# Multi Armed Bandits Epsilon Greedy

### References
* [Introduction](https://markelsanz14.medium.com/introduction-to-reinforcement-learning-part-1-multi-armed-bandit-problem-618e8cbf9d4b)
* [Good Article](https://changyaochen.github.io/multi-armed-bandit-mar-2020/)
* [Multi Armed Bandits 101](https://medium.com/opex-analytics/multi-armed-bandits-101-6f4ac62b6bd6)
* [Other methods](https://towardsdatascience.com/multi-armed-bandits-and-reinforcement-learning-dc9001dcb8da)
* [Thompson Sampling](https://towardsdatascience.com/multi-armed-bandits-thompson-sampling-algorithm-fea205cf31df)
* [Upper Confidence Bound](https://towardsdatascience.com/multi-armed-bandits-upper-confidence-bound-algorithms-with-python-code-a977728f0e2d)

In [1]:
import numpy as np

def pull_bandit_arm(bandits, bandit_number):
    """
    Even pulling the arm might be random
    """
    result = np.random.uniform()
    result <= bandits[bandit_number]
    return int(result)

def take_epsilon_greedy_action(epsilon, average_rewards_actions):
    result = np.random.uniform()
    if result < epsilon:
        # Explore
        return np.random.randint(0, len(average_rewards_actions)) 
    else:
        # Greedy action.
        return np.argmax(average_rewards_actions) 

### Bit of Hope
Let's pretend we keep track of the CTR of each of our products in a online system

In [2]:
# CTR of each strategy
market_strategies_ctr = [0.1, 0.3, 0.05, 0.55, 0.4]

### Agent Learning

In [3]:
num_iterations = 500
epsilon = 0.1

# Store info to know which one is the best action in each moment.
total_rewards = [0 for _ in range(len(market_strategies_ctr))]
total_attempts = [0 for _ in range(len(market_strategies_ctr))]
avg_rewards = [0.0 for _ in range(len(market_strategies_ctr))]

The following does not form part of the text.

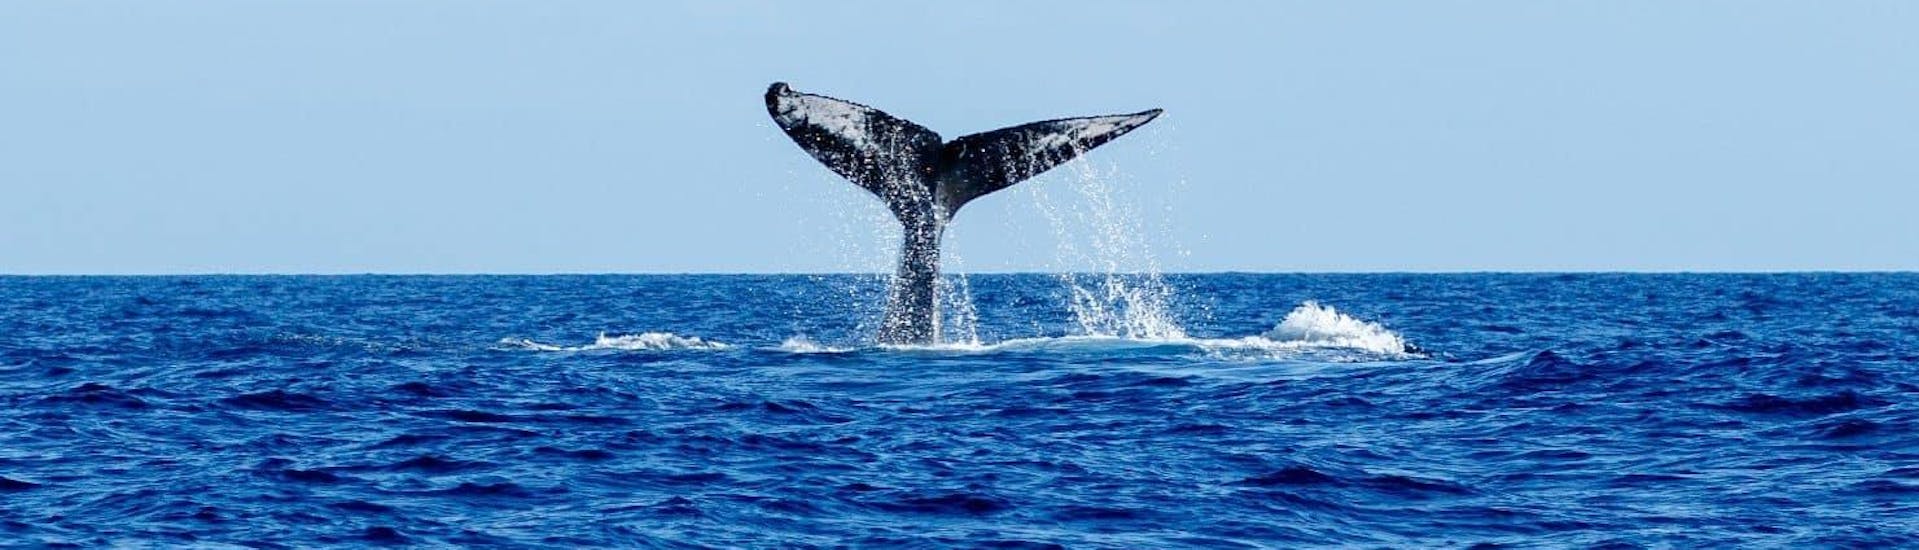 Walbeobachtung & Schwimmen mit Delfinen ab Funchal.

for iteration in range(num_iterations+1):
    action = take_epsilon_greedy_action(epsilon, avg_rewards)
    reward = pull_bandit_arm(market_strategies_ctr, action)
    # Store result.
    total_rewards[action] += reward
    total_attempts[action] += 1
    avg_rewards[action] = total_rewards[action] / float(total_attempts[action])

    if iteration % 100 == 0:
        print('Expected reward at step: {} is {}'.format(
            iteration,['{:.2f}'.format(elem) for elem in avg_rewards]))

Expected reward at step: 0 is ['0.00', '0.00', '0.00', '0.00', '0.00']
Expected reward at step: 100 is ['0.00', '0.00', '0.00', '0.00', '0.00']
Expected reward at step: 200 is ['0.00', '0.00', '0.00', '0.00', '0.00']
Expected reward at step: 300 is ['0.00', '0.00', '0.00', '0.00', '0.00']
Expected reward at step: 400 is ['0.00', '0.00', '0.00', '0.00', '0.00']
Expected reward at step: 500 is ['0.00', '0.00', '0.00', '0.00', '0.00']


### Plot Best Strategy

In [4]:
best_bandit = np.argmax(avg_rewards)
print('\nBest bandit is {} with an mean reward of {:.3f}'.format(
    best_bandit, avg_rewards[best_bandit]))
print('Total mean reward in the {} episodes has been {}'
      .format(num_iterations, sum(total_rewards)))


Best bandit is 0 with an mean reward of 0.000
Total mean reward in the 500 episodes has been 0